The Bank Branches Analogy

Imagine a bank with 3 branches in different cities. Each branch has a copy of your account balance. You deposit $500 at the Mumbai branch. At the exact same moment, your spouse withdraws $300 at the Delhi branch. Both branches have the old balance ($1,000). Mumbai updates to $1,500. Delhi updates to $700. Which one is correct? Neither — the correct balance is $1,200. This is the fundamental problem of distributed systems: when multiple copies of data exist, and updates happen at different places at the same time, how do you keep everything consistent?

The core tension: we replicate data for reliability and performance, but replication introduces the possibility of conflicting updates, stale reads, and disagreement between nodes. Consistency and consensus are the tools we use to manage this tension.

🔥 Key Insight

Distributed systems are hard not because the algorithms are complex, but because the physical world is unreliable. Networks drop packets. Machines crash. Clocks drift. Any solution must work correctly despite these failures — and that's what makes it fundamentally different from single-machine programming.

02

Consistency & Consensus Overview

🔄

Consistency

All nodes see the same data at the same time. When you write a value, every subsequent read (from any node) returns that value. The question: how strict is 'same time'?

🤝

Consensus

All nodes agree on a single value or decision. Even if some nodes fail or messages are delayed, the remaining nodes reach agreement. The mechanism that enables consistency.

Why We Replicate Data

🛡️

Fault Tolerance

If one machine dies, the data still exists on other machines. No single point of failure. A 3-replica system survives 2 machine failures.

Read Performance

Multiple replicas can serve reads in parallel. A user in Tokyo reads from a Tokyo replica instead of a Virginia server. Lower latency, higher throughput.

🌍

Geographic Distribution

Data close to users worldwide. A global service needs replicas in multiple regions so users don't wait for cross-continent round trips.

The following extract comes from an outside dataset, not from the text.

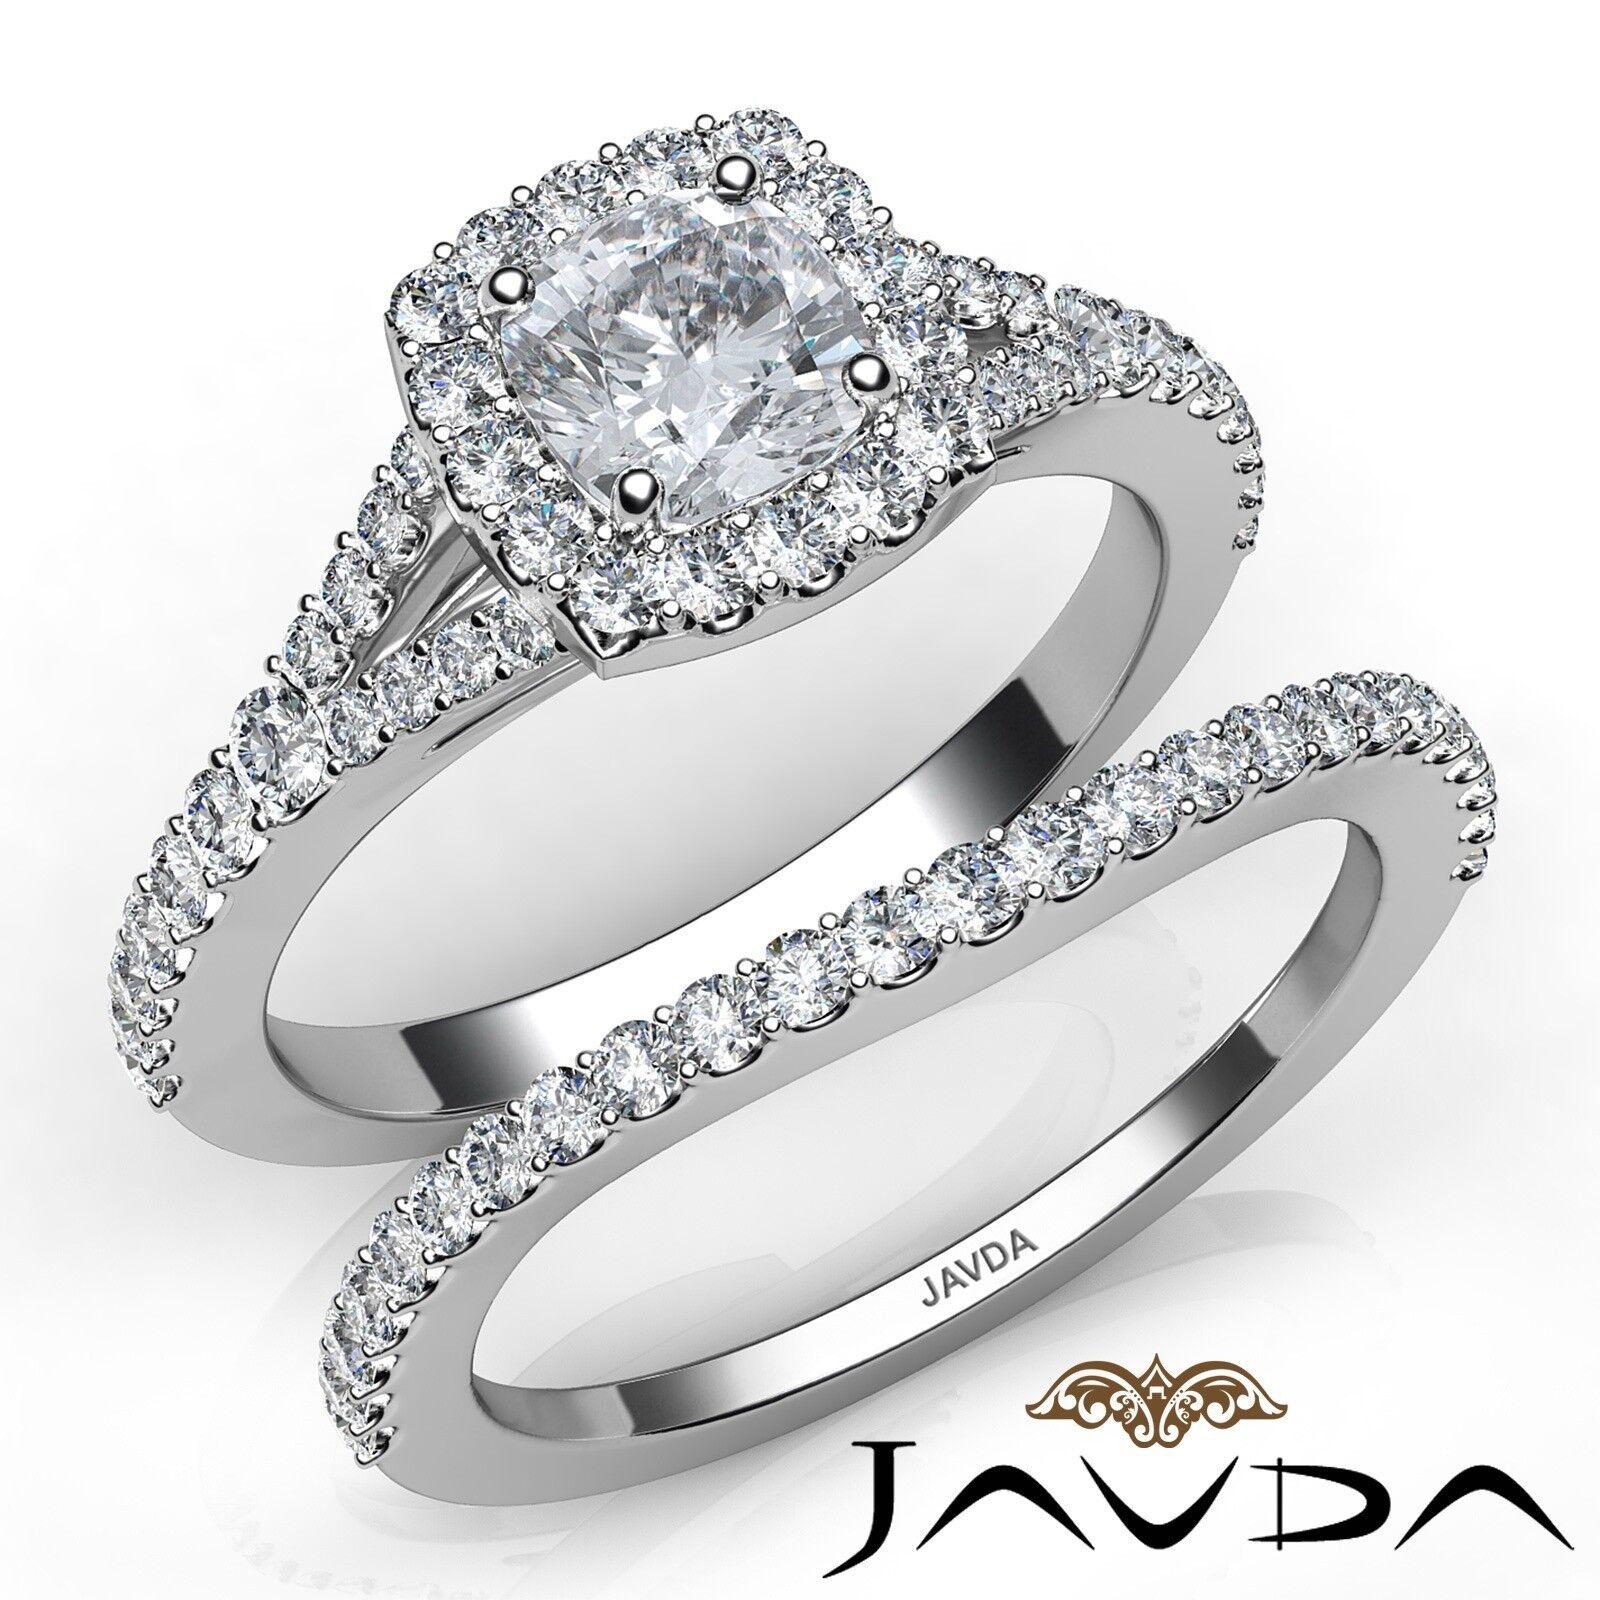 1.5ctw U Cut Pave Halo Bridal Cushion Diamond Engagement Ring GIA F-VS2 W Gold
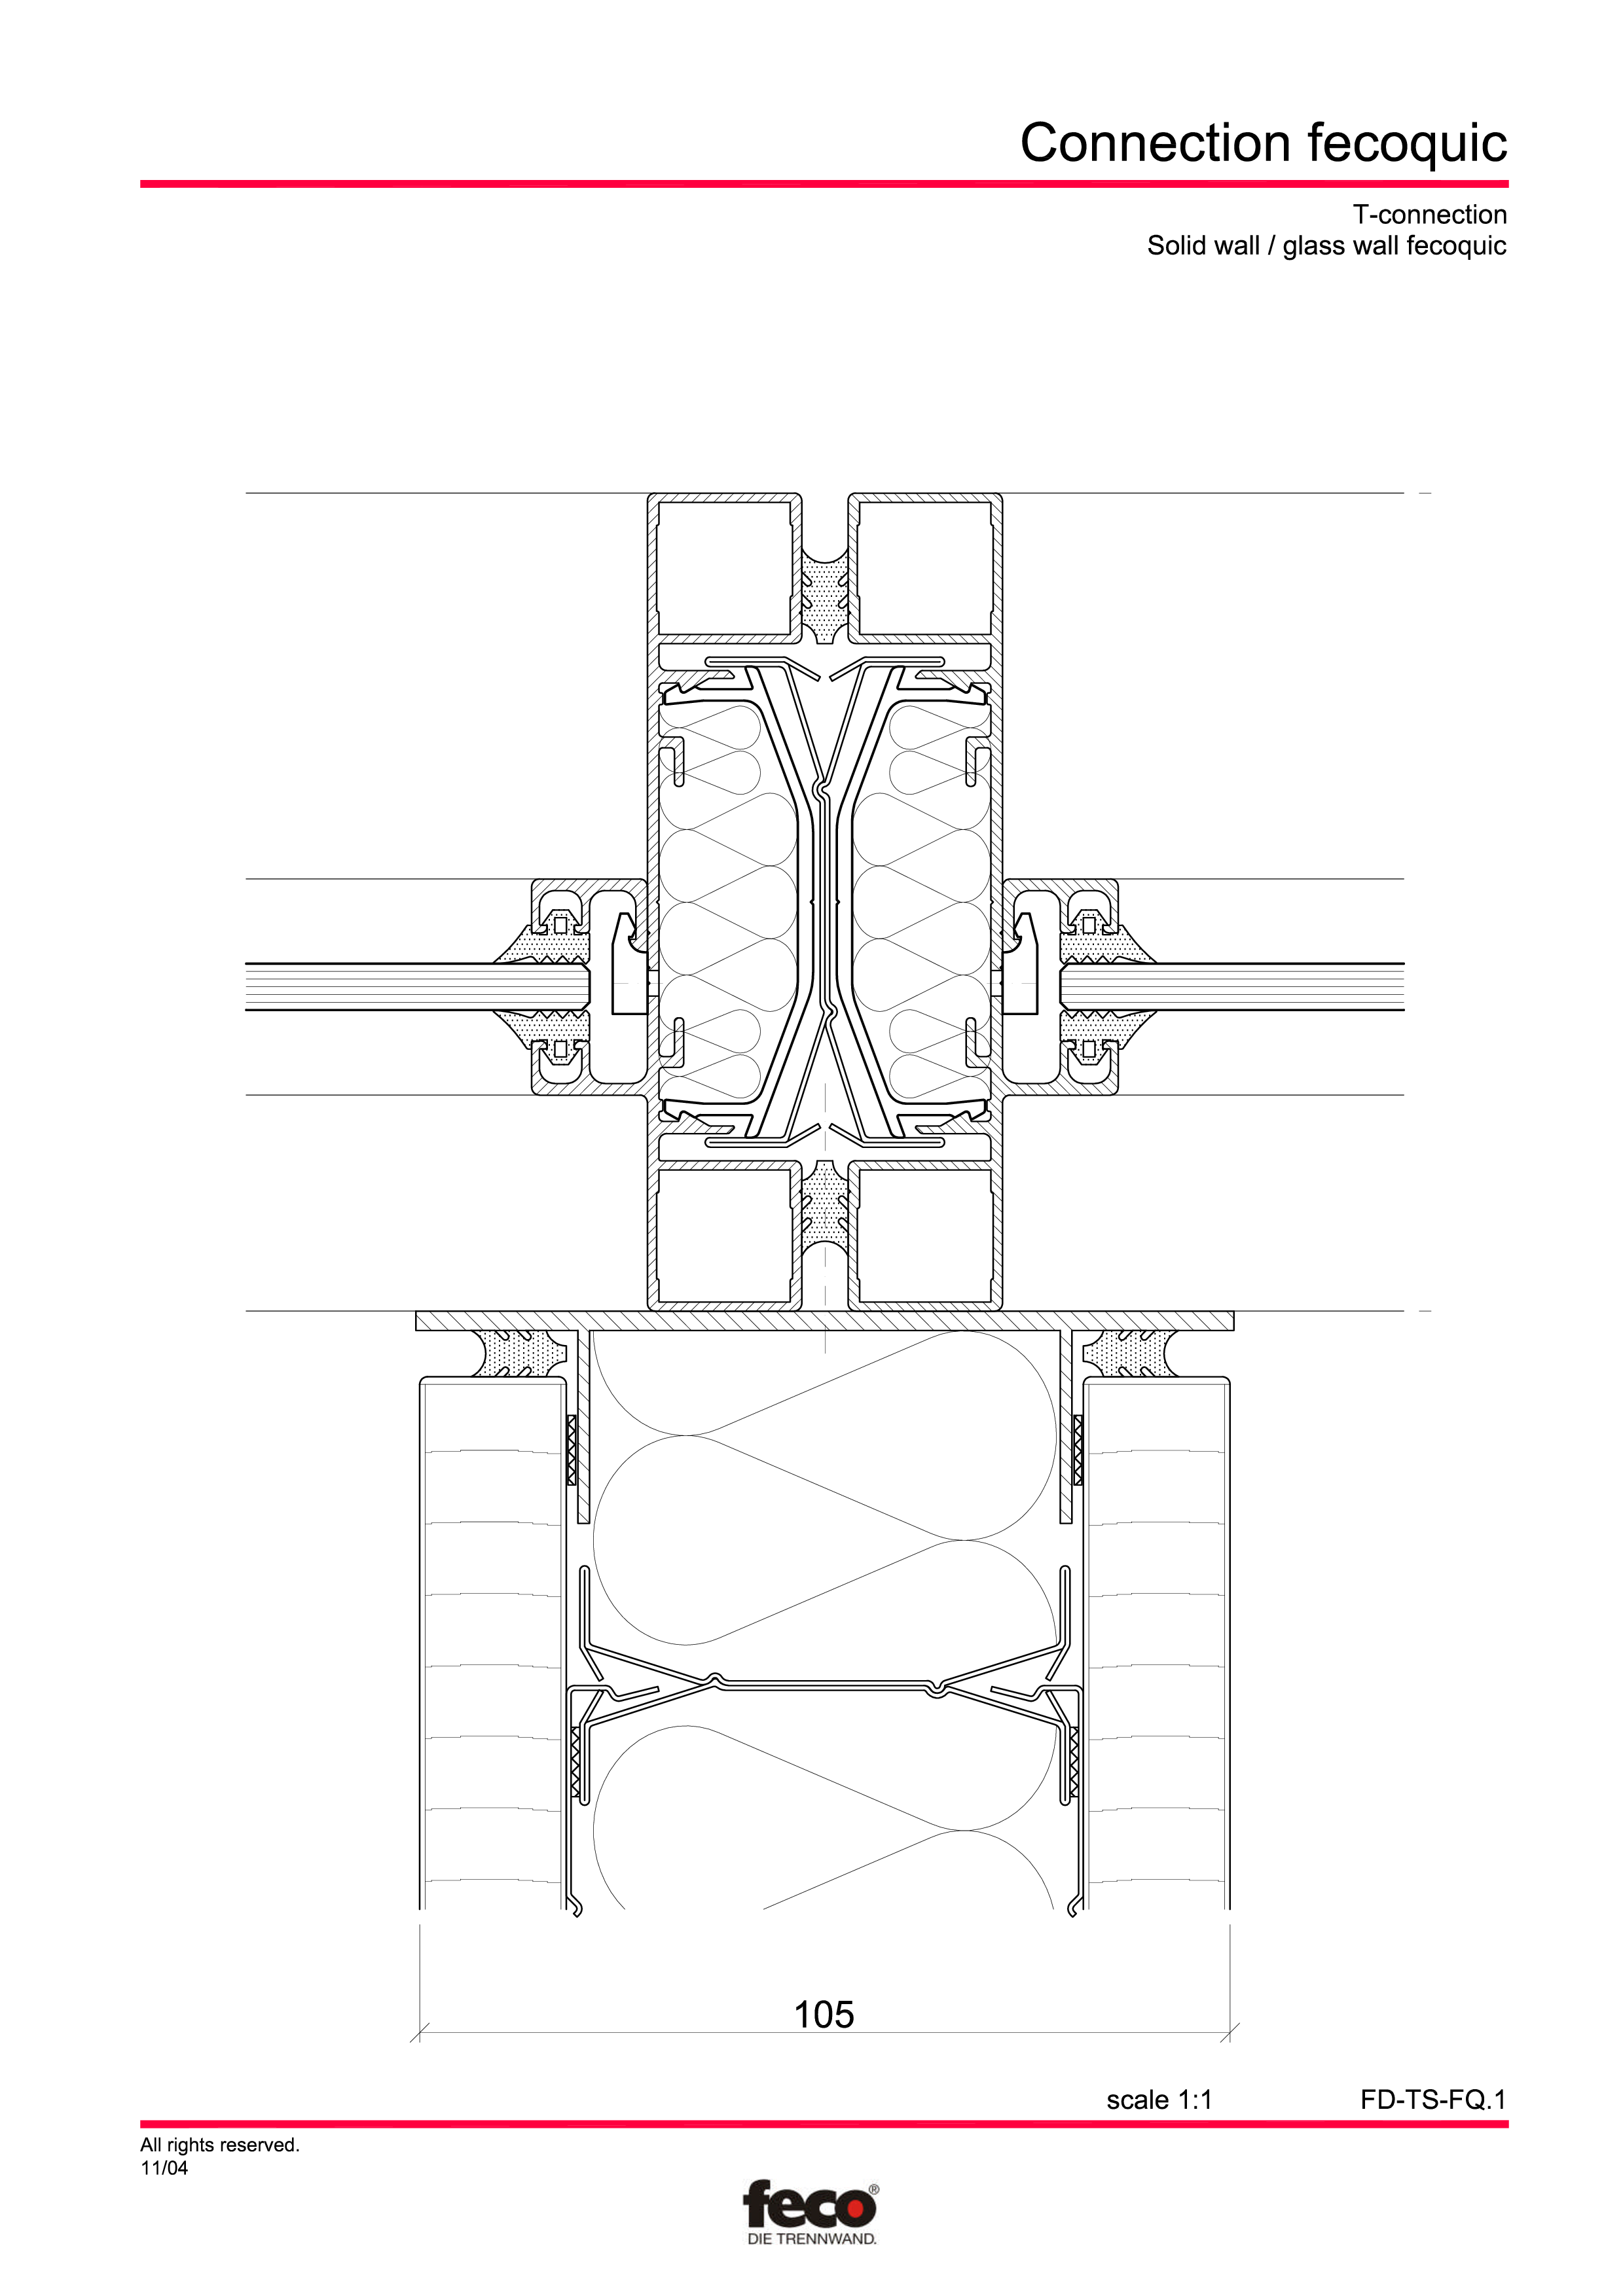 Pagina 5 - CAD-PDF Detaliu racord pereti FECO Detaliu de montaj FecoPur, FecoFix, FecoLux

Problems Introduced by Replication

⚔️ Conflicts

Two users update the same data on different replicas simultaneously. Which update wins? How do you merge them?

⏳ Delays

Replication takes time. A write to Node A hasn't reached Node B yet. A read from Node B returns stale data.

💥 Failures

A network partition splits nodes into groups that can't communicate. Each group might accept conflicting writes.

💡 The Fundamental Trade-off

You can't have it all. Stronger consistency requires more coordination between nodes, which means higher latency and lower availability. Weaker consistency allows faster responses and higher availability, but clients may see stale or conflicting data. Every distributed system sits somewhere on this spectrum.

03

CAP Theorem — Deep Dive

The CAP theorem states that a distributed system can provide at most two of three guarantees simultaneously: Consistency, Availability, and Partition Tolerance. Since network partitions are inevitable in any distributed system, the real choice is between Consistency and Availability during a partition.

🔒

Consistency (C)

Every read receives the most recent write or an error. All nodes see the same data at the same time. If you write 'balance = $500', every node immediately returns $500.

🟢

Availability (A)

Every request receives a response (not an error), even if it might not contain the most recent write. The system always responds, even if the data might be stale.

🔌

Partition Tolerance (P)

The system continues to operate despite network partitions — when some nodes can't communicate with others. Messages between nodes are lost or delayed.

🏦

Bank Branches During a Storm

Your bank has branches in Mumbai and Delhi. A storm cuts the network between them (partition). A customer in Mumbai deposits $500. Now the bank has a choice: CP (Consistency + Partition Tolerance): The Delhi branch refuses to serve any requests until it can sync with Mumbai. 'Sorry, system is down.' Customers are frustrated, but no one sees wrong data. AP (Availability + Partition Tolerance): The Delhi branch keeps serving requests with the last known balance. Customers get responses, but the balance might be stale. When the network recovers, the branches reconcile. You can't have CA during a partition — that would mean both branches show the correct balance AND respond to every request, which is impossible when they can't communicate.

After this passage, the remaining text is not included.